§ WHAT YOU WILL DO
From the line with "There was not" to the line with "Austin Rios, 12, guest", output every line below exactly, both ends included. Skip the pictures.

§ SUPPLIED INFORMATION

-----

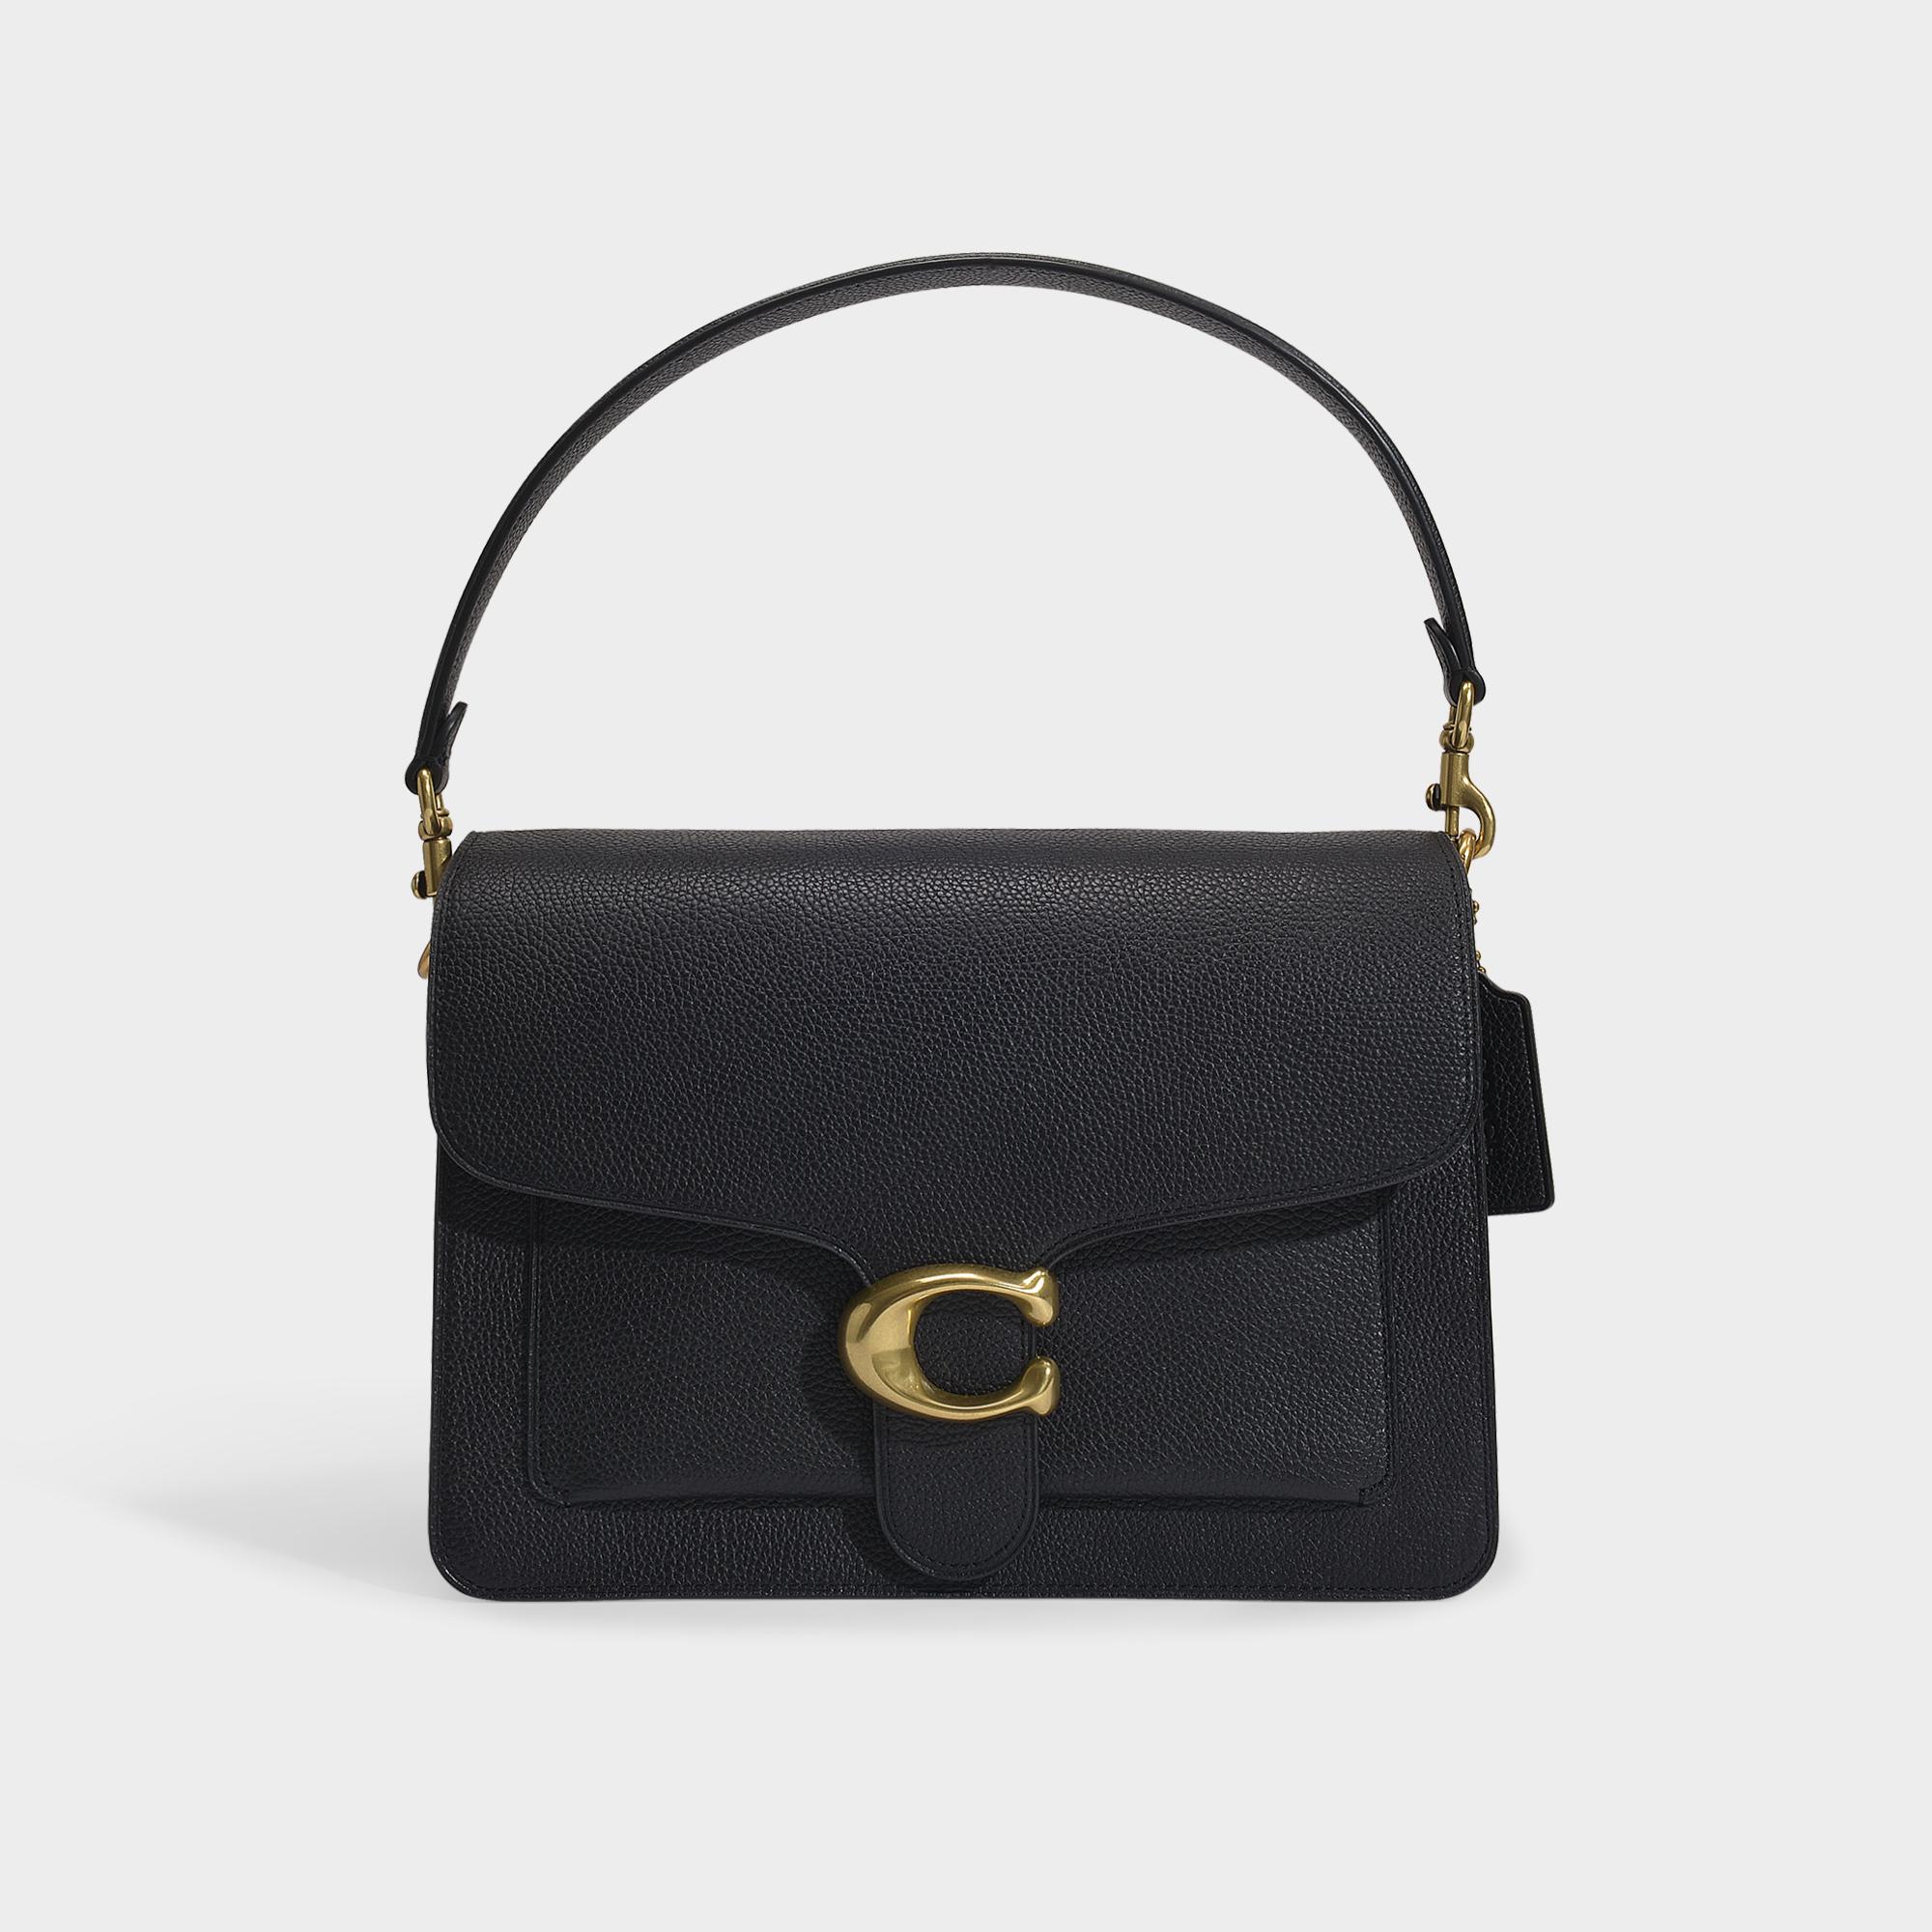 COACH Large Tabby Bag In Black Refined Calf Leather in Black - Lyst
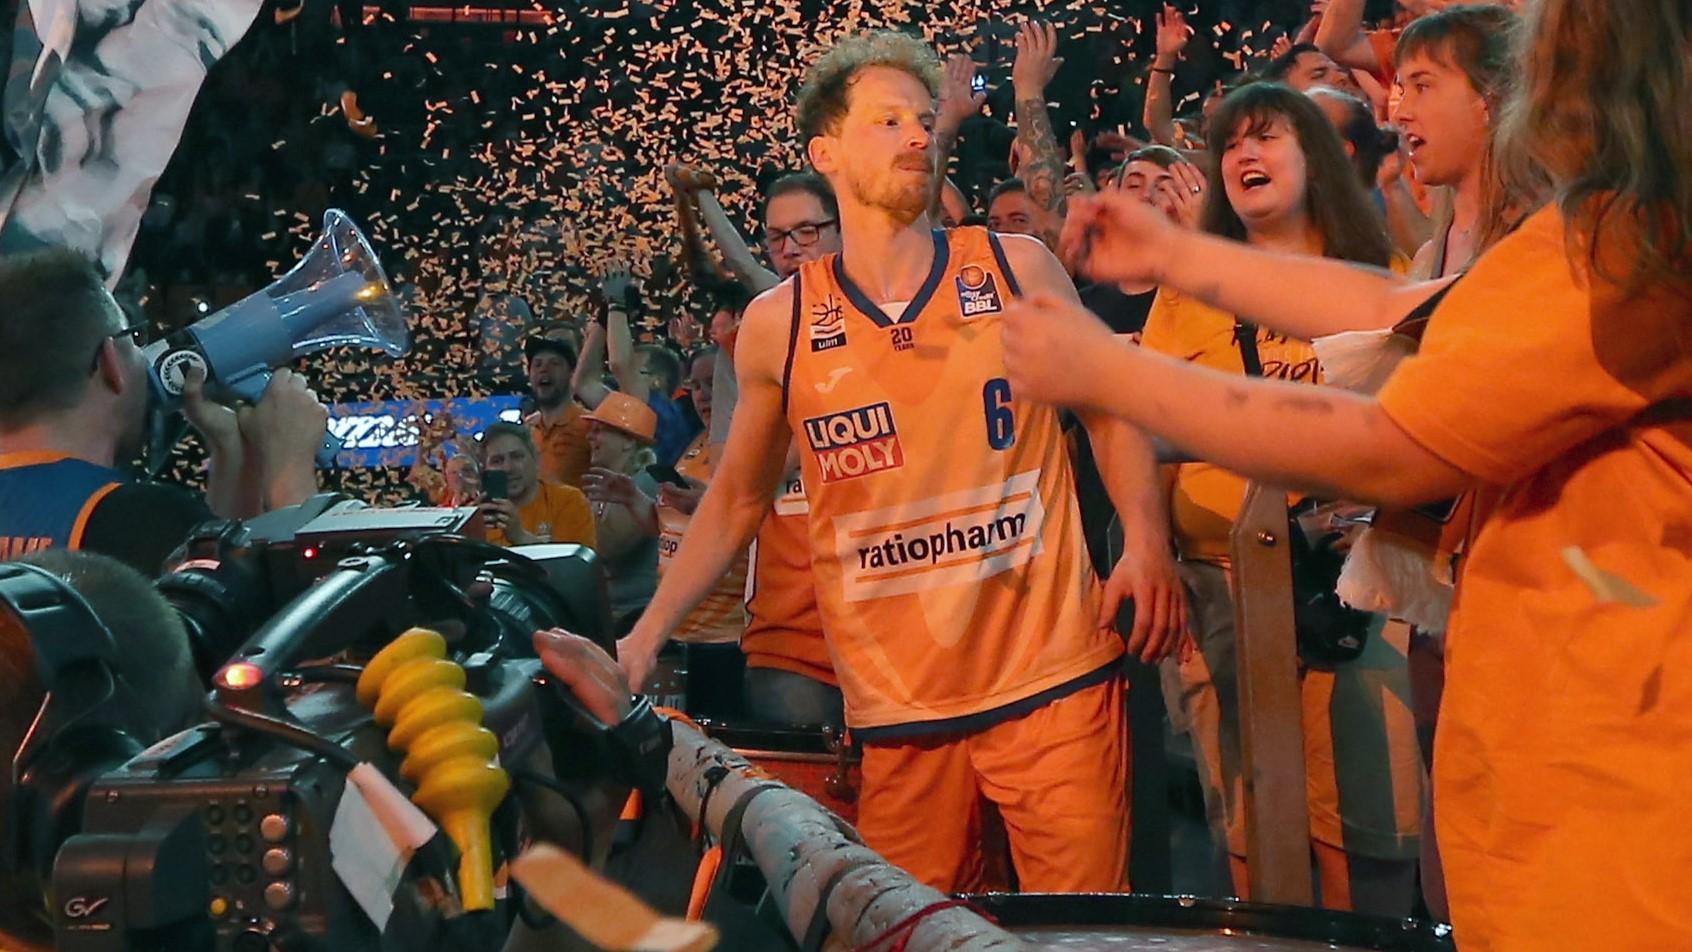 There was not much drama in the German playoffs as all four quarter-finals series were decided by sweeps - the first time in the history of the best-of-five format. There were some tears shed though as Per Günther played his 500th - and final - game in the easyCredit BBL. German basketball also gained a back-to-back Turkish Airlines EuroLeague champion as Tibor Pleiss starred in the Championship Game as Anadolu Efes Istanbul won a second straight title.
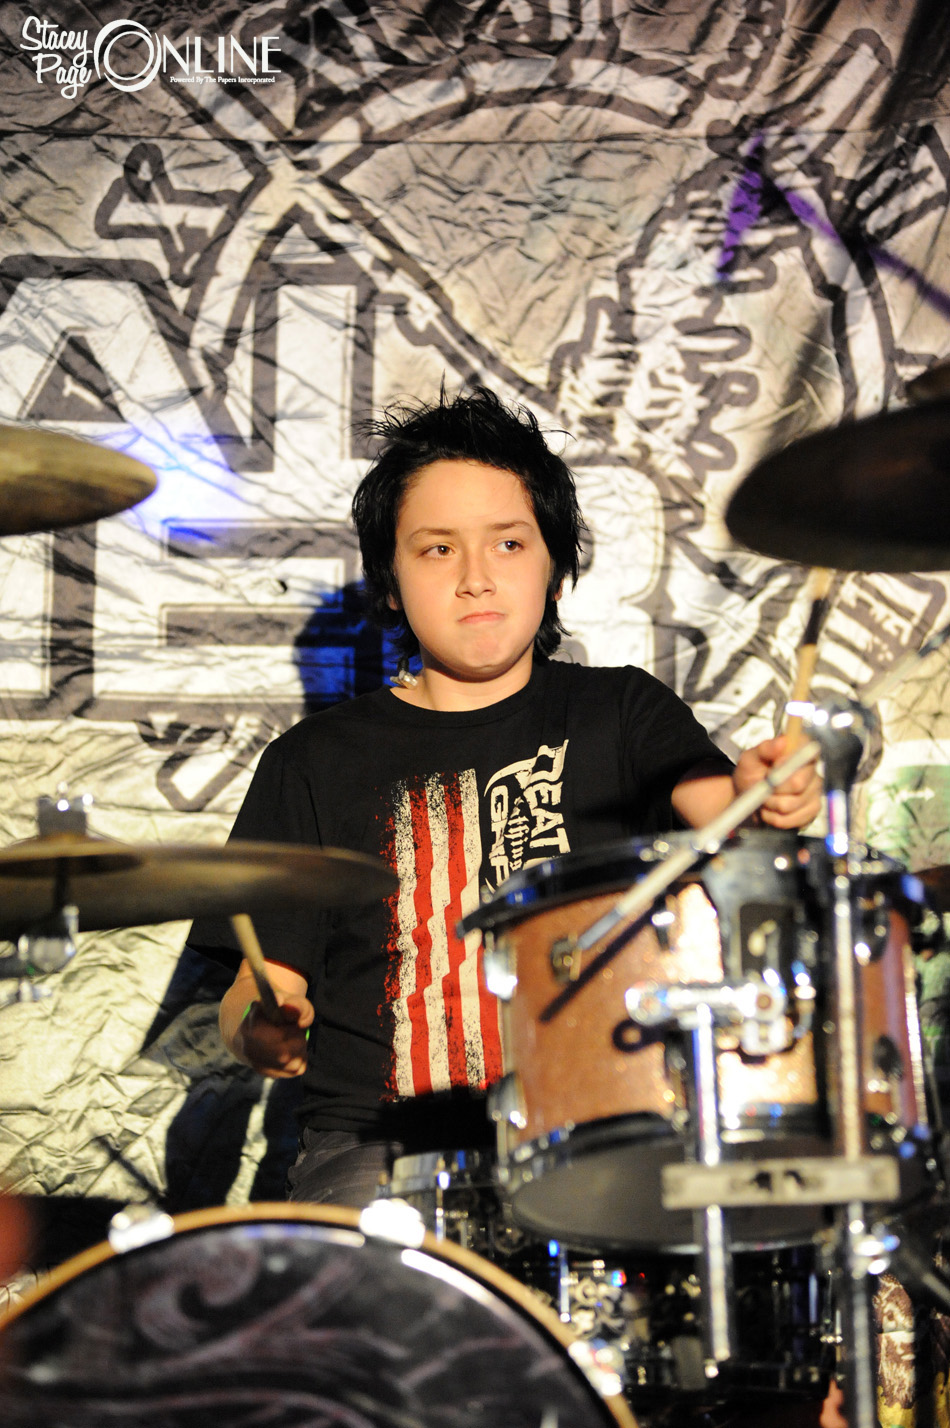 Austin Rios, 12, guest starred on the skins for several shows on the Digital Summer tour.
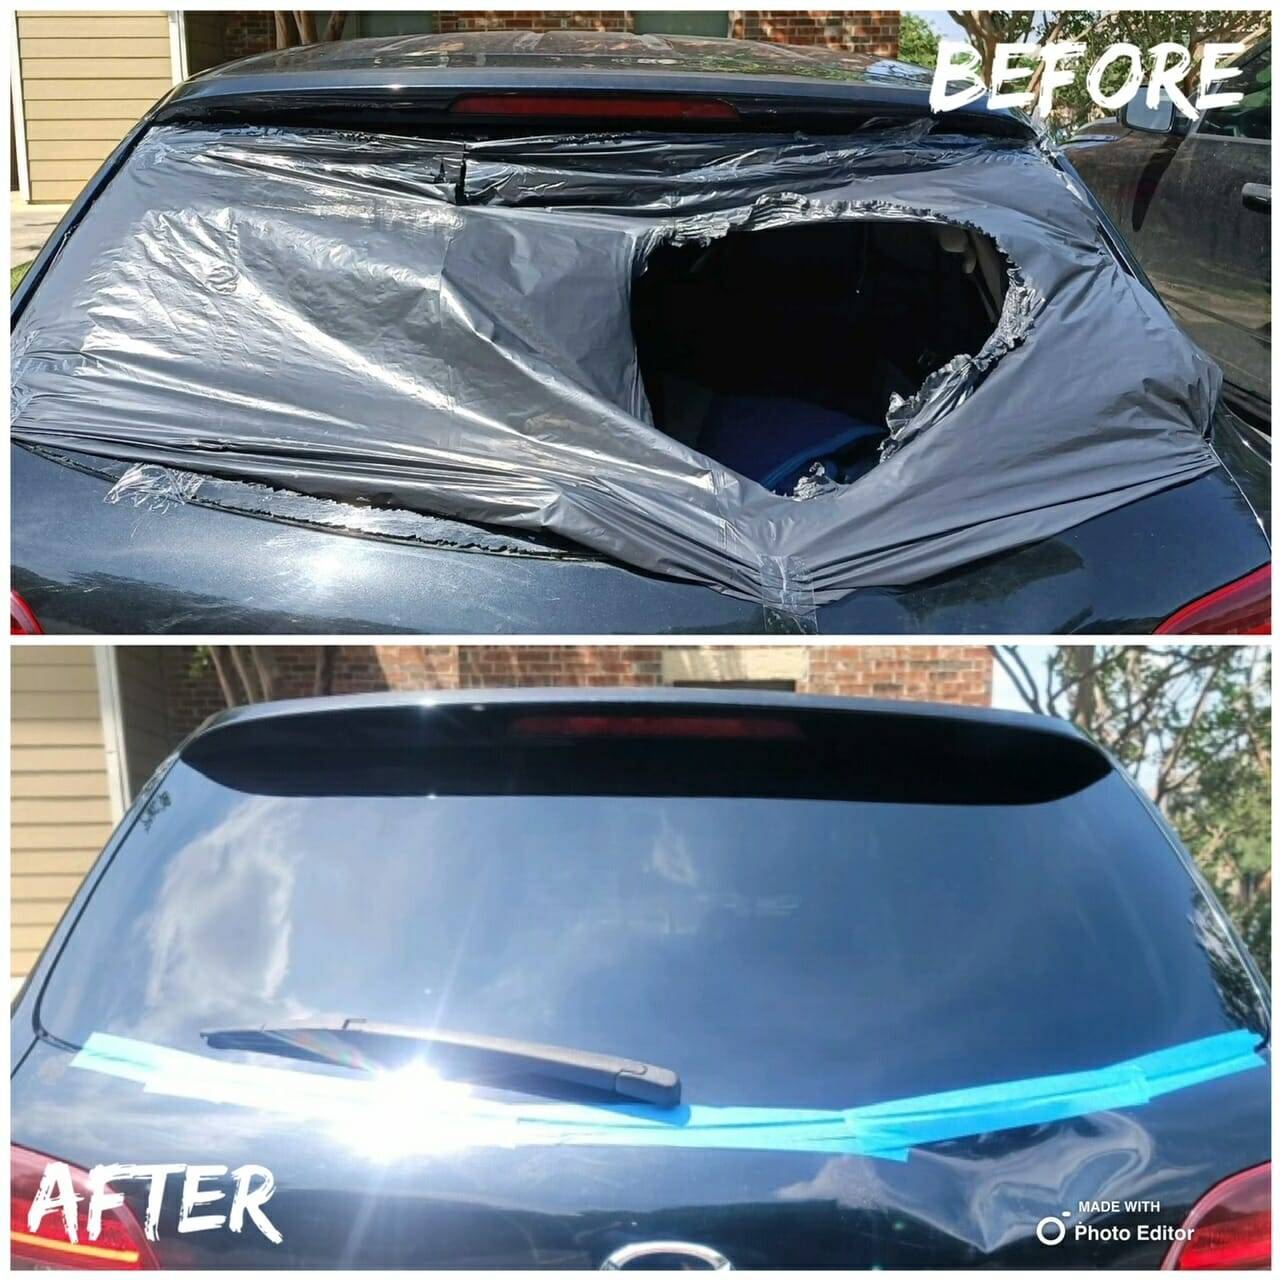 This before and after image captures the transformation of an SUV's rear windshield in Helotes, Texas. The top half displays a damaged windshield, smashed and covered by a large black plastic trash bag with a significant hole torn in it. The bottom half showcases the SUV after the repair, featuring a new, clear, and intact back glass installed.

-----

§ WRITTEN RESPONSE
 There was not much drama in the German playoffs as all four quarter-finals series were decided by sweeps - the first time in the history of the best-of-five format. There were some tears shed though as Per Günther played his 500th - and final - game in the easyCredit BBL. German basketball also gained a back-to-back Turkish Airlines EuroLeague champion as Tibor Pleiss starred in the Championship Game as Anadolu Efes Istanbul won a second straight title.
 Austin Rios, 12, guest starred on the skins for several shows on the Digital Summer tour.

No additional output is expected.